Abstract
Data streaming applications such as the Internet of Things (IoT) require processing or predicting from sequential data from various sensors. However, most of the data are unlabeled, making applying fully supervised learning algorithms impossible. The online manifold regularization approach allows sequential learning from partially labeled data, which is useful for sequential learning in environments with scarcely labeled data. Unfortunately, the manifold regularization technique does not work out of the box as it requires determining the radial basis function (RBF) kernel width parameter. The RBF kernel width parameter directly impacts the performance as it is used to inform the model to which class each piece of data most likely belongs. The width parameter is often determined off-line via hyperparameter search, where a vast amount of labeled data is required. Therefore, it limits its utility in applications where it is difficult to collect a great deal of labeled data, such as data stream mining. To address this issue, we proposed eliminating the RBF kernel from the manifold regularization technique altogether by combining the manifold regularization technique with a prototype learning method, which uses a finite set of prototypes to approximate the entire data set. Compared to other manifold regularization approaches, this approach instead queries the prototype-based learner to find the most similar samples for each sample instead of relying on the RBF kernel. Thus, it no longer necessitates the RBF kernel, which improves its practicality. The proposed approach can learn faster and achieve a higher classification performance than other manifold regularization techniques based on experiments on benchmark data sets.

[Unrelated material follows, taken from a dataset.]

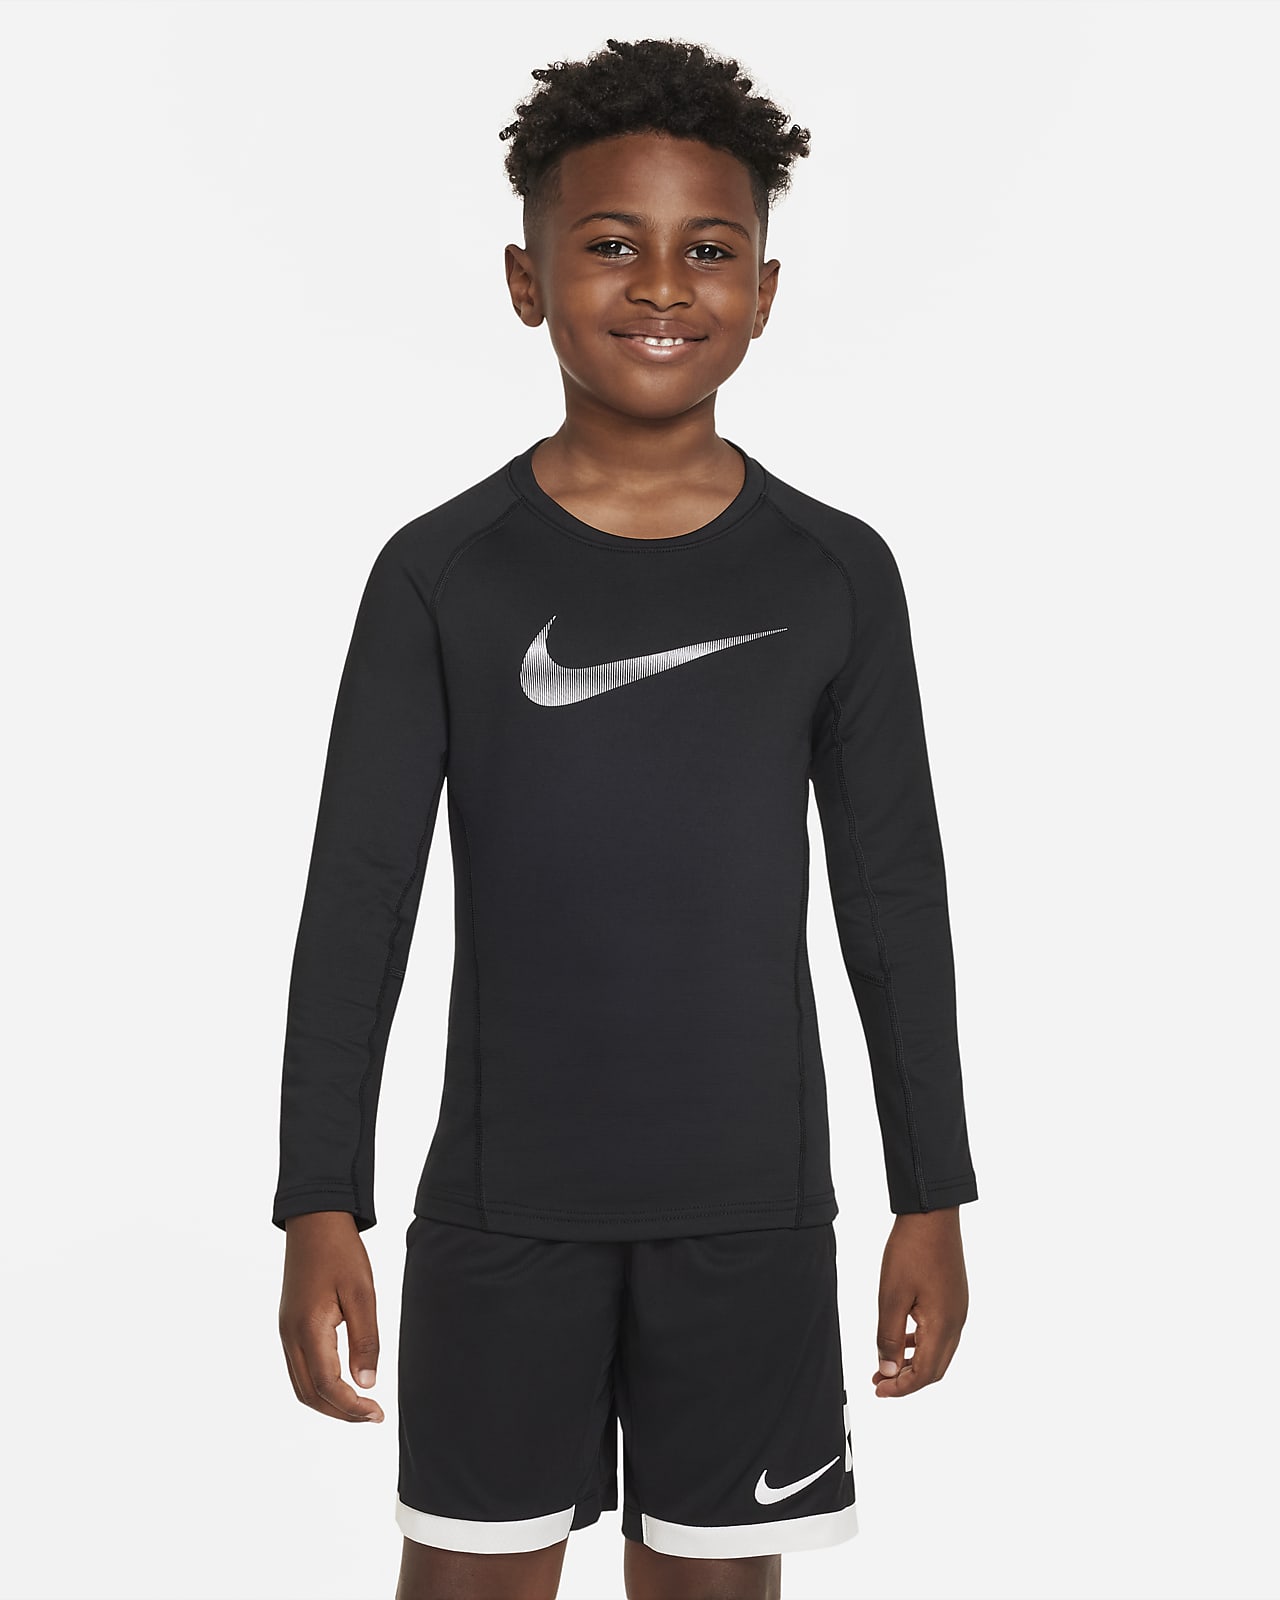 Witty compensate longitude Nike Pro Warm Big Kids' (Boys') Long-Sleeve Top. Nike.com

Results showed that the proposed approach can perform well even without using the RBF kernel, which improves the practicality of manifold regularization techniques for semi-supervised learning.
Problem Background
Applying the manifold regularization method in real-world environments is still lacking practicality. This is due to the difficulty in determining the width parameter λ of the radial basis function (RBF) kernel.
Methods
Propose combining a prototype-based learning algorithm, specifically the enhanced self-organizing incremental neural network (ESOINN) [19] with the semi-supervised online sequential-extreme learning machine (SOS-ELM) [20] manifold regularization approach, which this proposed approach will be built upon.
Results
Through experiments, this proposed approach can learn faster by using the prototypes to construct the Laplacian graph. This shows that the manifold assumption, which states that high-dimensional data are locally Euclidean, is verified. Moreover, this approach also shows significant performance improvement on an imbalanced data set. However, this comes at a slight increase in computational complexity to train the modified ESOINN.
Conclusion
According to the hypothesis test, this approach significantly outranks some current manifold regularization approaches. However, this comes at the cost of higher computational consumption to train the ESOINN. In future work, we suggest designing an approach that could determine all the hyperparameters rather than relying on the default hyperparameters. Ideally, this approach should be able to determine all the hyperparameters online to suit data streaming applications.